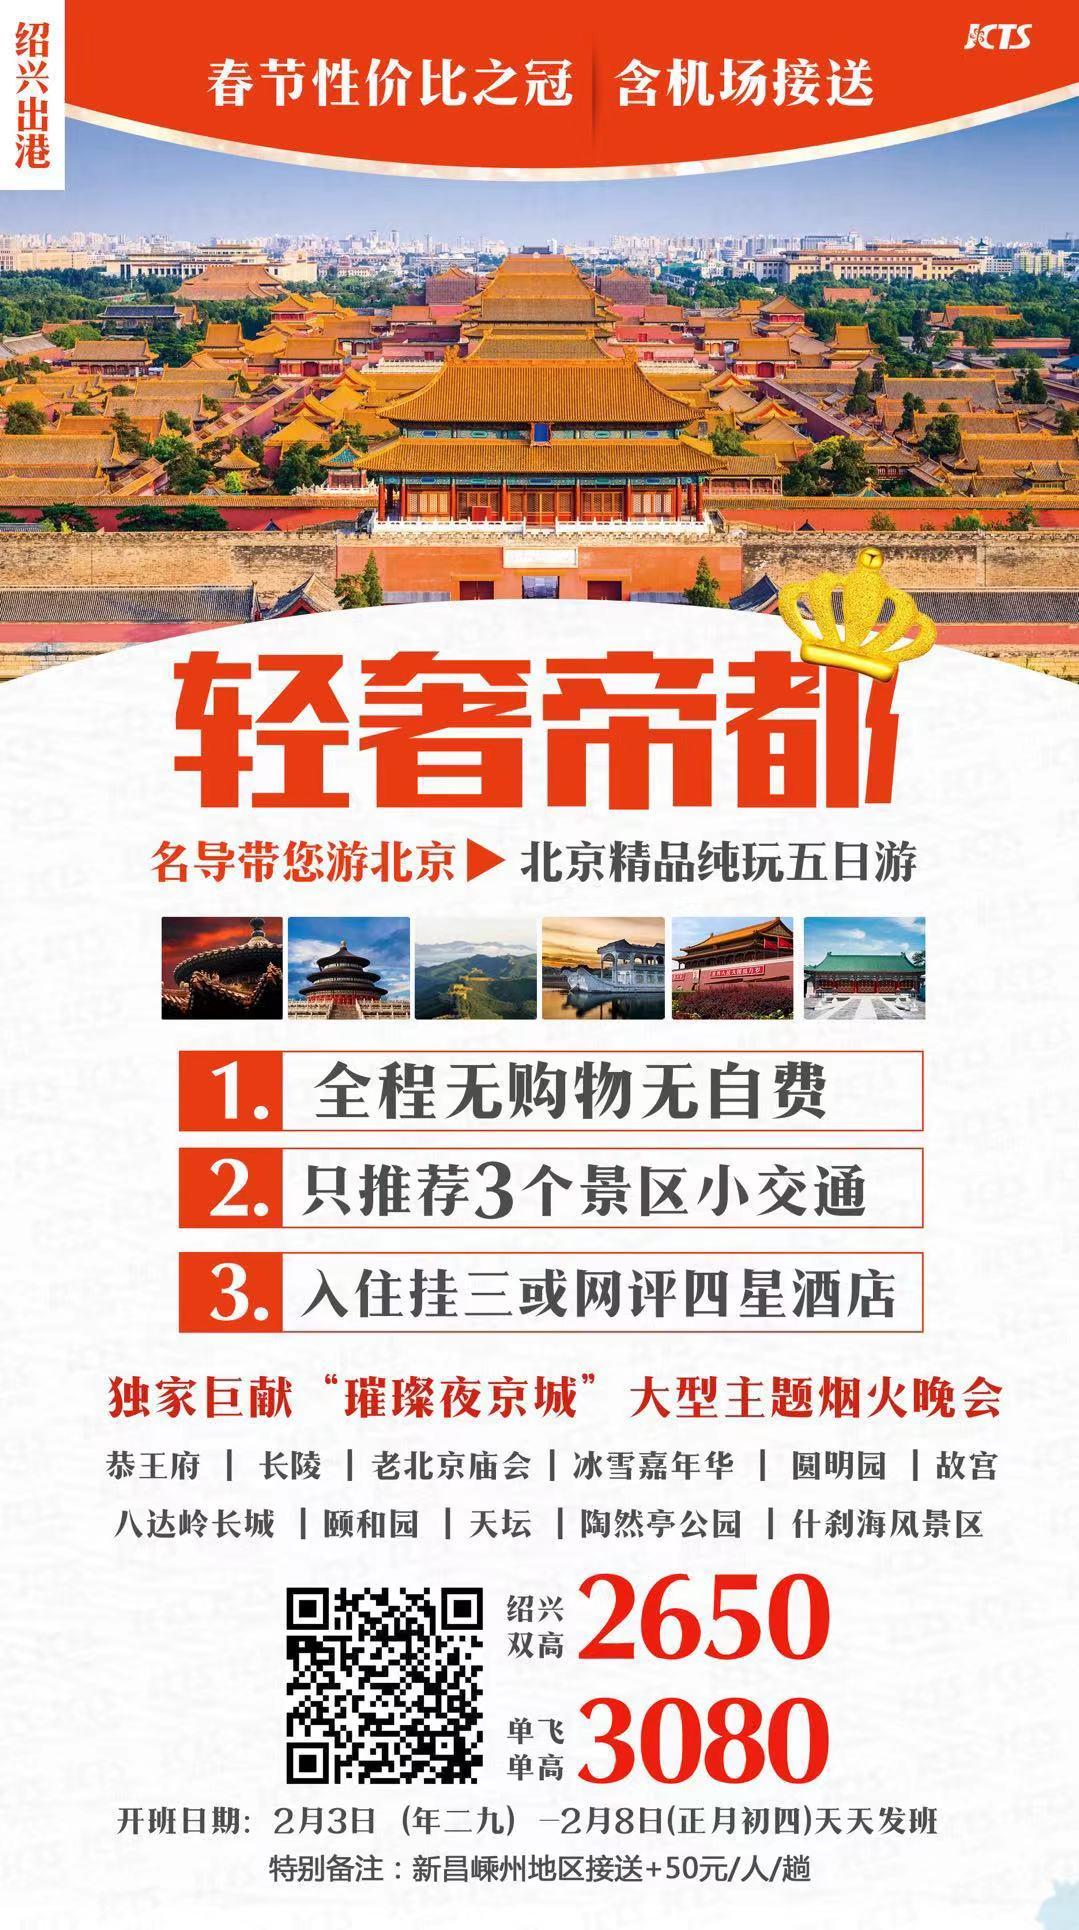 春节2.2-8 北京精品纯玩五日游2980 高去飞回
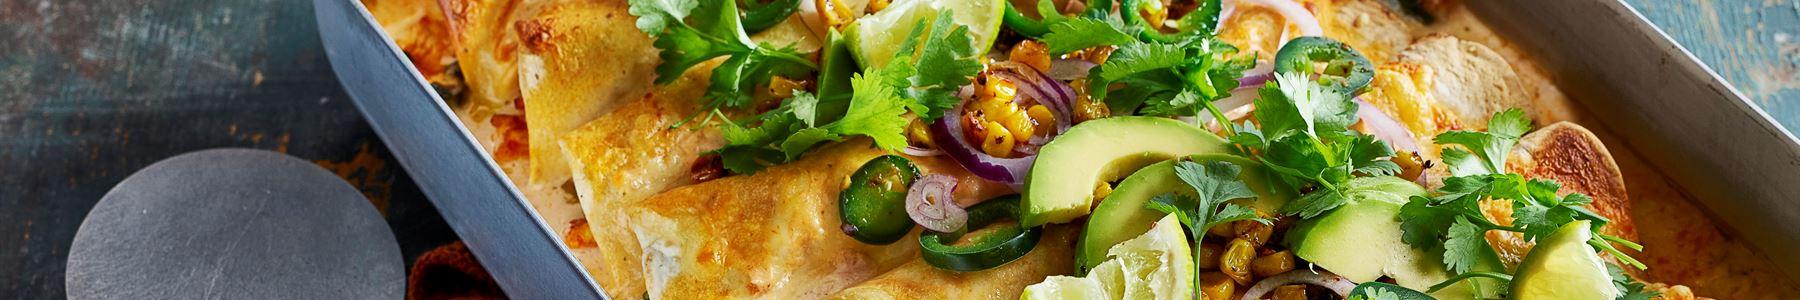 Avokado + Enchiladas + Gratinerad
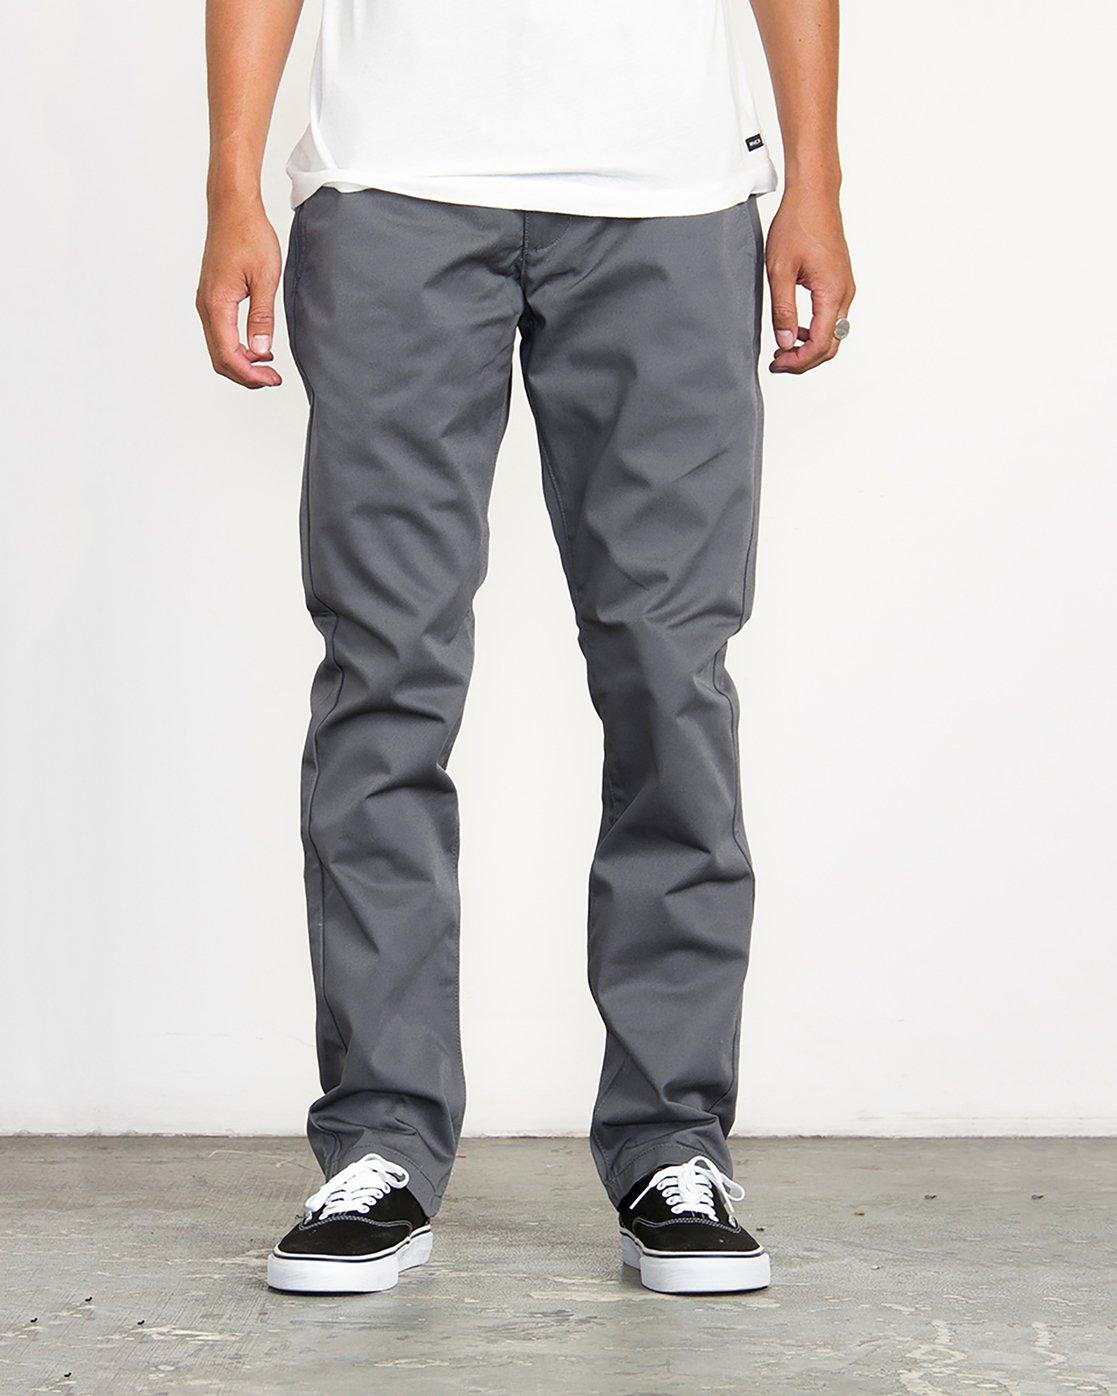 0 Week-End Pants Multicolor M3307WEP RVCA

——————————

• [YOUR INSTRUCTIONS]
All the data above is to be transcribed exactly, with no pictures included.

• [ANSWER BELOW]
 春节2.2-8 北京精品纯玩五日游2980 高去飞回
 Avokado + Enchiladas + Gratinerad
 0 Week-End Pants Multicolor M3307WEP RVCA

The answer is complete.